Sunday, April 24, 2016

Medieval Food Assignment

    Well, here it is. My assignment. For this assignment, I had to cook a Medieval European meal. Not by myself, of course. I had a group working with me. I won’t specify their names, but yeah. Here’s all the info about what I cooked for my part. For this assignment, I made mashed parsnips.
 
One more thing; images don't work no matter what I do.
 I submitted them via Edmodo.


Oh, and I took inspiration for my cooking from this video: http://youtu.be/oU2iwwui7y0
(seriously, check this guy out.)
I didn’t exactly use his recipe, but I did my own version of it.


Ingredients I Used:


  • 1 parsnip
  • A pinch of parsley
  • My time and patience
  • Some milk (to soften the parsnip)


    First, I peeled the parsnip. Simple. I like simple. While I was peeling it, I had this weird urge to just take a sliver off and eat it. It smelled really good, too; it smelled like ginger and carrots fused together. Kind of weird, but good. I would have it as a perfume or an air freshener if I could. Moving on.
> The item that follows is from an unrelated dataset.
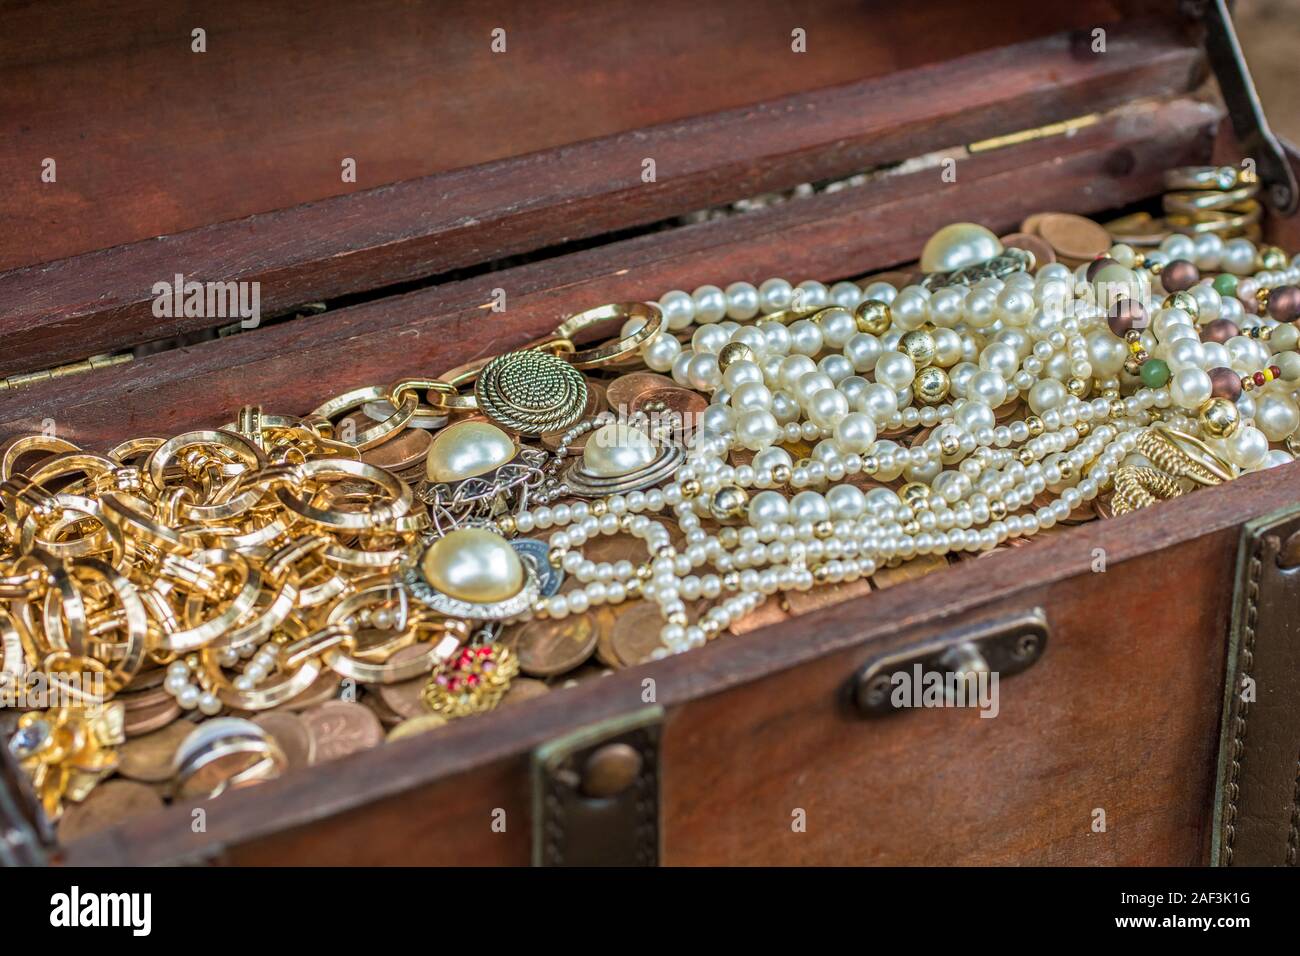 Old treasure chest with precious treasure Stock Photo

    Afterwards I threw it in my small oven. Metaphorically. I actually covered a rectangular pan in tin foil and placed the peeled parsnip on top. I then pushed it in, closed the oven, and set it to 350 degrees fahrenheit. I left it in there for a good 15 minutes before taking it out. Yes, I took it out while it was scalding hot.


    After taking the parsnip out and burning my perfectly good hands, I took a knife and cutting board out. Just to be safe, I rinsed the cutting board. I started cutting the parsnip into quarters. It was a hot and potentially dangerous experience. I could either cut myself or burn myself enough that I get some kind of burn to such degree. Luckily none of that happened, and I was left with wonderfully cut parsnips.


    I threw all the pieces in a pot. I set the stove to medium and threw in some milk. I didn’t add too much, though; which I regret doing. I covered the pot and waited for at least 20 minutes. After taking the pot cover off, I was greeted by a rather unpleasant sight. Some of the milk had burnt. The smoke detector was going off and there was an odor in the air. In a frenzy, I turned the built-in fan on and opened the sliding glass door (which led to the backyard) to let some air in. It did the trick.

    After that crazy frenzy, I started mashing the parsnips. Or at least I tried to. The bits just wouldn’t mash. My impatient little self didn’t want to wait anymore, so after 10 minutes of trying, I stopped completely. I grabbed a nice plate and piled the half-mashed parsnips onto it nicely. I sprinkled some parsley bits on it and around the side. Voila!

Overall, it tasted exactly what it smelled like. Carrots and ginger. I wish I could've been more patient, though.